Experimental Results

We utilized five cross-lingual evaluation benchmarks to test the efficacy of ERNIE-M:

lXNLI for cross-lingual natural language inference,

lMLQA for cross-lingual question answering,

lCoNLL for cross-lingual named entity recognition,

lPAWS-X for cross-lingual paraphrase identification,

lTatoeba for cross-lingual retrieval.

We evaluated ERNIE-M in two formats: a cross-lingual transfer setting to fine-tune the model with an English training set and evaluate it on a foreign language test, and a Multi-lingual fine-tuning setting to refine the model on the concatenation of all other languages and evaluate it on each language test set.

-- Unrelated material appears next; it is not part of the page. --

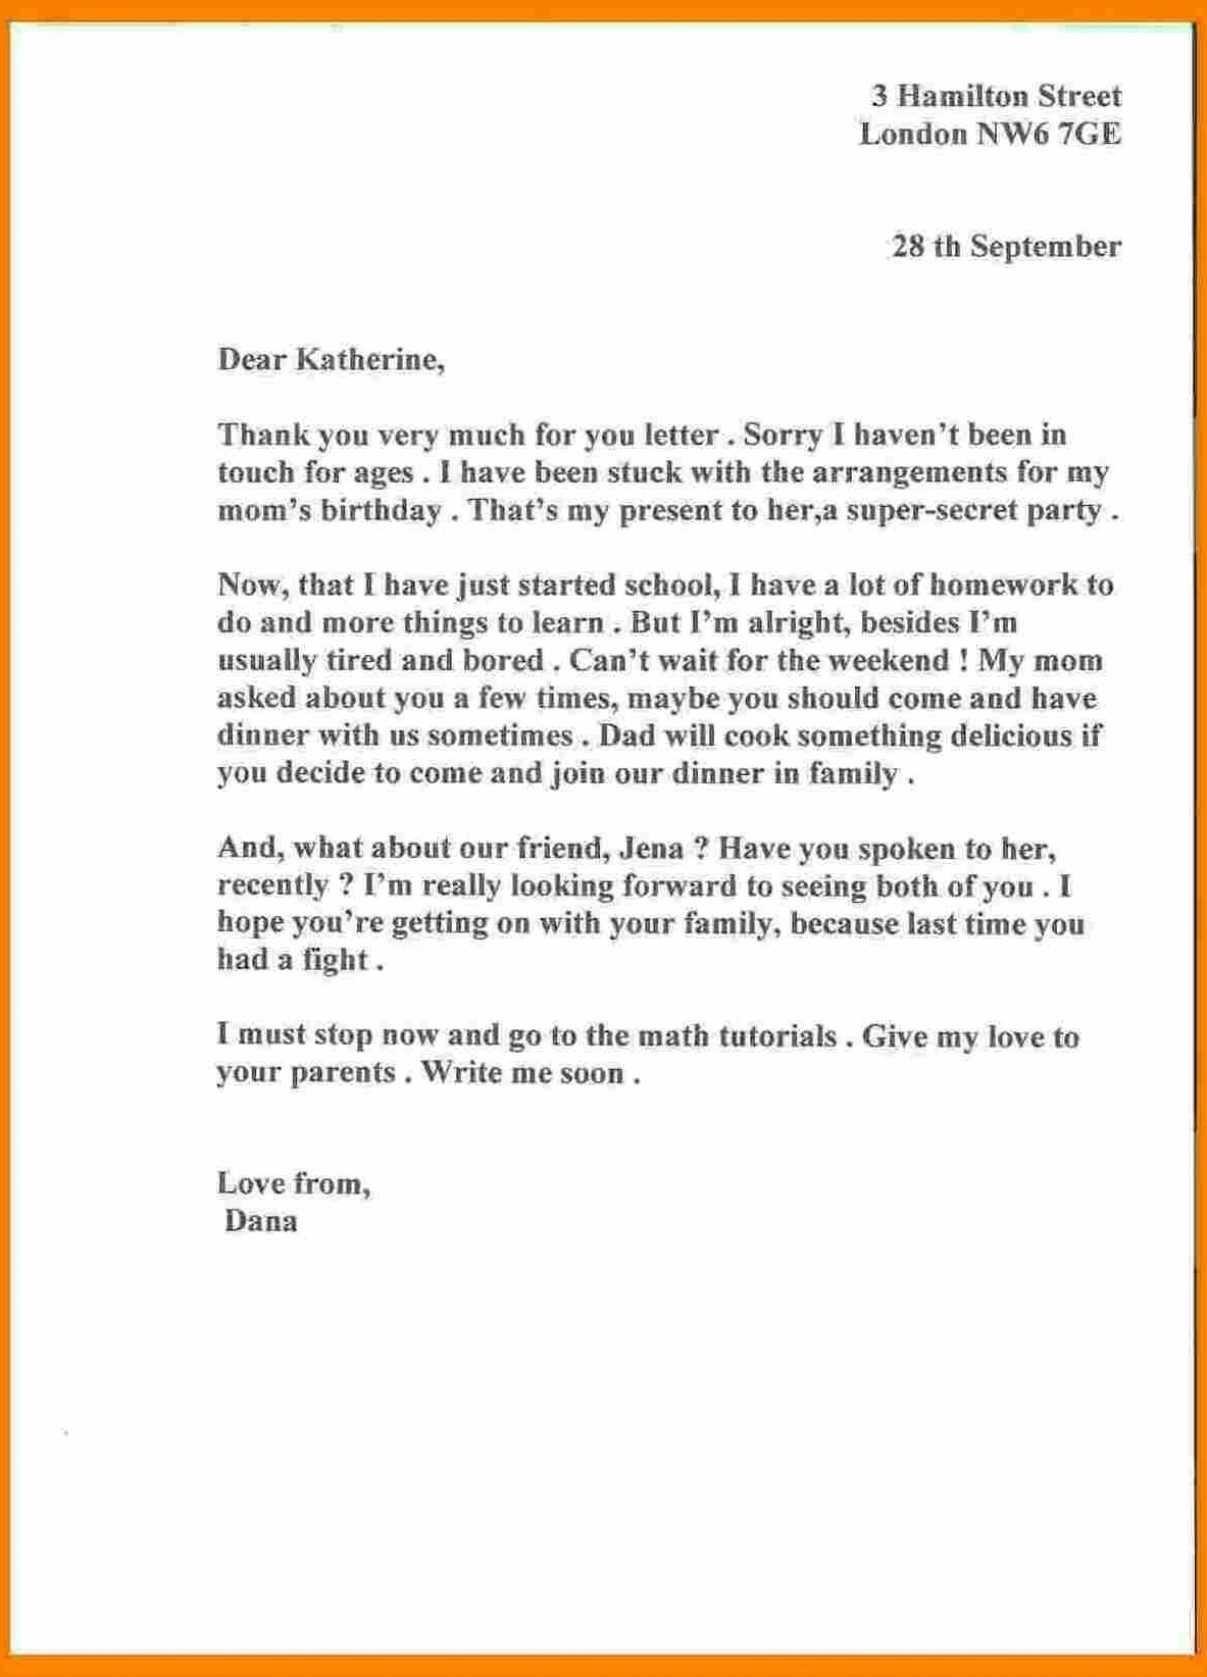 Love Letter Template Download - Simple Love Letter format Save format Love Letter In Marathi Save

Cross-lingual Sentence Retrieval: The goal of this task is to extract parallel sentences from bilingual corpora. ERNIE-M allows users to retrieve results in multiple languages , such as English, French, and German, using only Chinese. This technology can bridge the gap between information expressed in different languages and help people search for more valuable information. ERNIE-M achieved an accuracy rate of 87.9% when tested on a subset of the Tatoeba dataset that contains 36 languages.

Cross-lingual Natural Language Inference: Cross-lingual natural language inference is a task to determine whether the relationship between two input sentences is entailment, contradiction, or neural. ERNIE-M achieved an average accuracy of 82.0% on the English training set and 84.2% on all training sets.

331611557337_.pic_hd.jpg

Cross-lingual Question Answering: Question answering is a classic NLP task that tests the machine’s ability to automatically answer questions in a natural language. We used the multilingual question answering (MLQA) dataset, which has the same format as SQuAD v1.1 but contains seven languages. We fine-tuned ERNIE-M by training with English data. The model achieved an average accuracy of 55.3%.

Named entity recognition task: Named entity recognition (NER), a subtask of information extraction, seeks to locate and classify named entities in text. We evaluated ERNIE-M on CoNLL-2002 and CoNLL-2003 datasets through a cross-lingual NER task involving English, Dutch, Spanish and German. We fine-tuned ERNIE-M on English data and evaluated it on English, Dutch, Spanish, and German. The average F1 score was 81.6%. On all training sets, the average F1 score was improved to 90.8%.

Cross-lingual paraphrase identification: Paraphrase identification is to determine whether two texts have the same/similar meanings. We evaluated ERNIE-M on PAWS-X, a paraphrase identification dataset with seven languages . ERNIE-M achieved an average accuracy of 89.5% on the English training set and 91.8% on all training sets.

Furthermore, we evaluated ERNIE-M on XTREME, a substantial multilingual multi-task benchmark that covers 40 typologically diverse languages across 12 language families and includes nine tasks that collectively require inference about different levels of syntax or semantics. ERNIE-M scored 80.9, a new record score that tops the leaderboard.

ERNIE-M has wide ranging applications and implications. For example, with this technology we can apply our Chinese-based AI system to other languages and improve our products and services for global users. In addition, ERNIE-M is expected to assist linguists and archaeologists to understand languages that are considered endangered or lost.